Laporan yang sama mengungkapkan, penyaluran kredit pada Juni hanya tumbuh 7,6%, setelah bulan sebelumnya masih tumbuh 8,1%. Laju kredit pada Juni menjadi yang terendah sejak Maret 2022.
Pengucuran kredit perbankan ke korporasi melemah, cuma tumbuh 10,6% dari tadinya masih melaju 11,6%. Sementara pada nasabah perorangan penyaluran kredit tumbuh sedikit lebih baik jadi 4,2%.
Adapun pemberian kredit pada nasabah lainnya seperti Pemerintah Daerah, Yayasan, Koperasi dan Swasta lain, melambat tajam lajunya dengan kenaikan cuma 3% tadi bulan Mei yang sebesar 0,7%.
Berdasarkan jenis kredit, terlihat bahwa kredit yang masih kencang lajunya adalah kredit modal kerja. Sementara kredit investasi dan kredit konsumsi, pertumbuhannya sama-sama melambat masing-masing cma naik 12,2% dan 8,6%.
Penyaluran kredit ke golongan debitur UMKM juga stagnan, cuma tumbuh 2%. Kredit ke usaha mikro malah terkontraksi hingga 2,5%, makin dalam dibanding bulan sebelumnya. Sedangkan ke debitur usaha menengah, penyaluran kredit juga susut dengan pertumbuhan negatif 0,6% pada Juni lalu, setelah sebelumnya minus 1%.
Belanja pemerintah
Ekonom menilai, pertumbuhan uang beredar ke depan akan sangat bergantung pada tiga hal. Pertama, belanja pemerintah. Realisasi belanja diperkirakan cukup kokoh pada Semester 2-2025.
Namun, kemungkinan masih akan ada hambatan dari dua faktor berikut. Yaitu, kedua, perkembangan neraca dagang. "Surplus dagang RI berisiko melemah akibat penurunan harga komoditas," kata David.
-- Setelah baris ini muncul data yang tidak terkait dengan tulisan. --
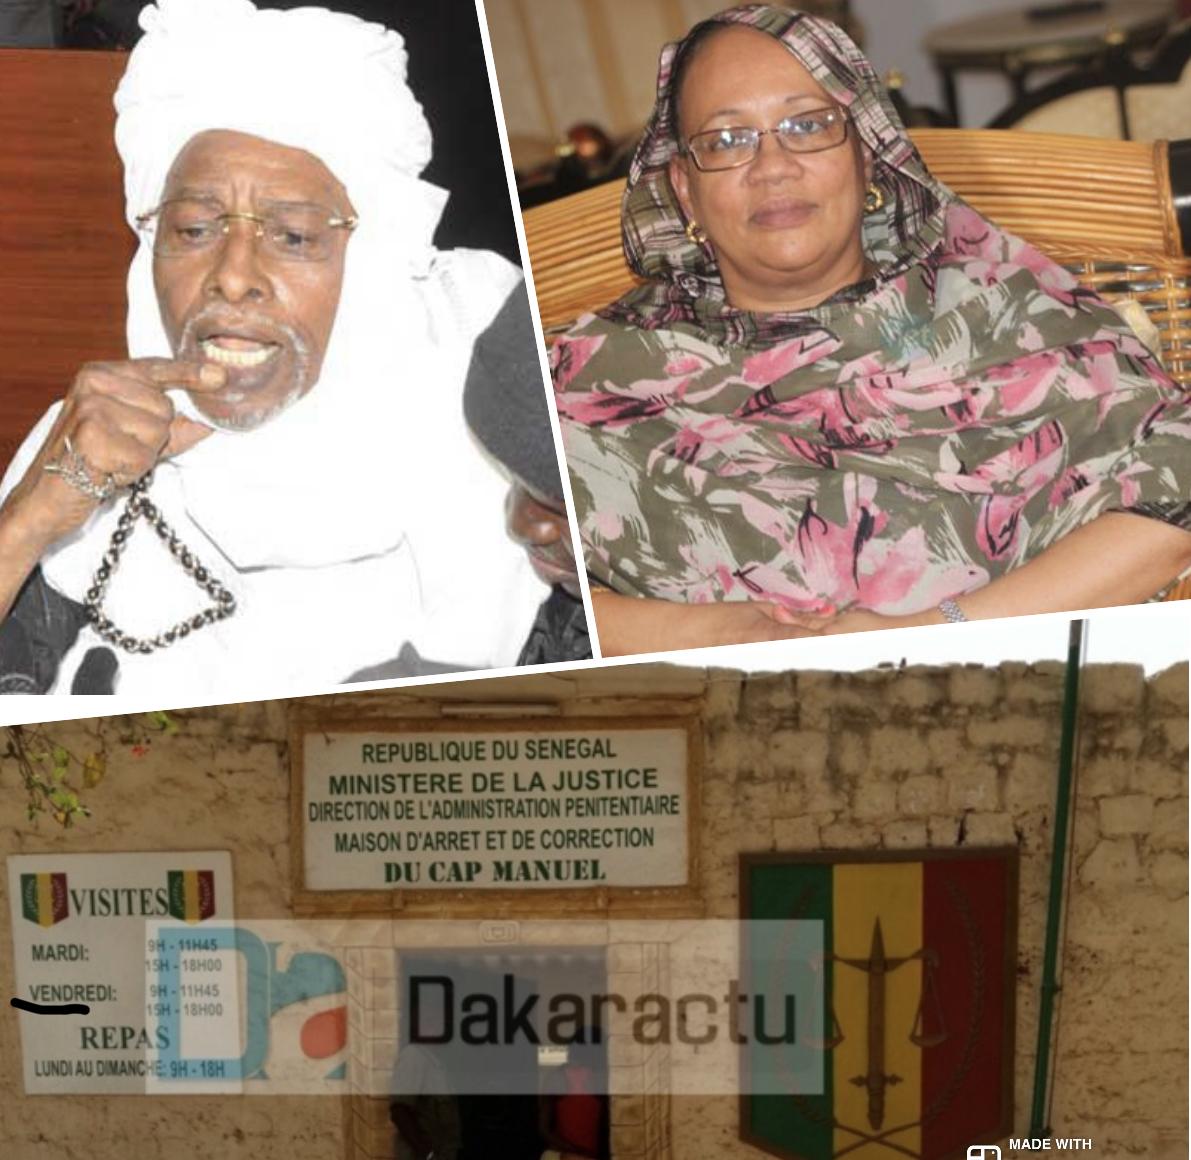 Cap Manuel : Hissein Habré victime d'un accident dans sa cellule. Son épouse relate le film des événements

Ketiga, hambatan dari pertumbuhan kredit yang lesu. Laju kredit sudah ambles ke level terendah sejak Maret 2022 ketika permintaan domestik lesu ditambah kondisi manufaktur yang juga terkontraksi.
Jadi, bila tiga hal tersebut tidak menunjukkan perbaikan, pertumbuhan uang beredar dalam perekonomian domestik mungkin belum juga membaik.
Itu akan membawa pertumbuhan ekonomi Indonesia makin menjauh dari angka 'keramat' 5%.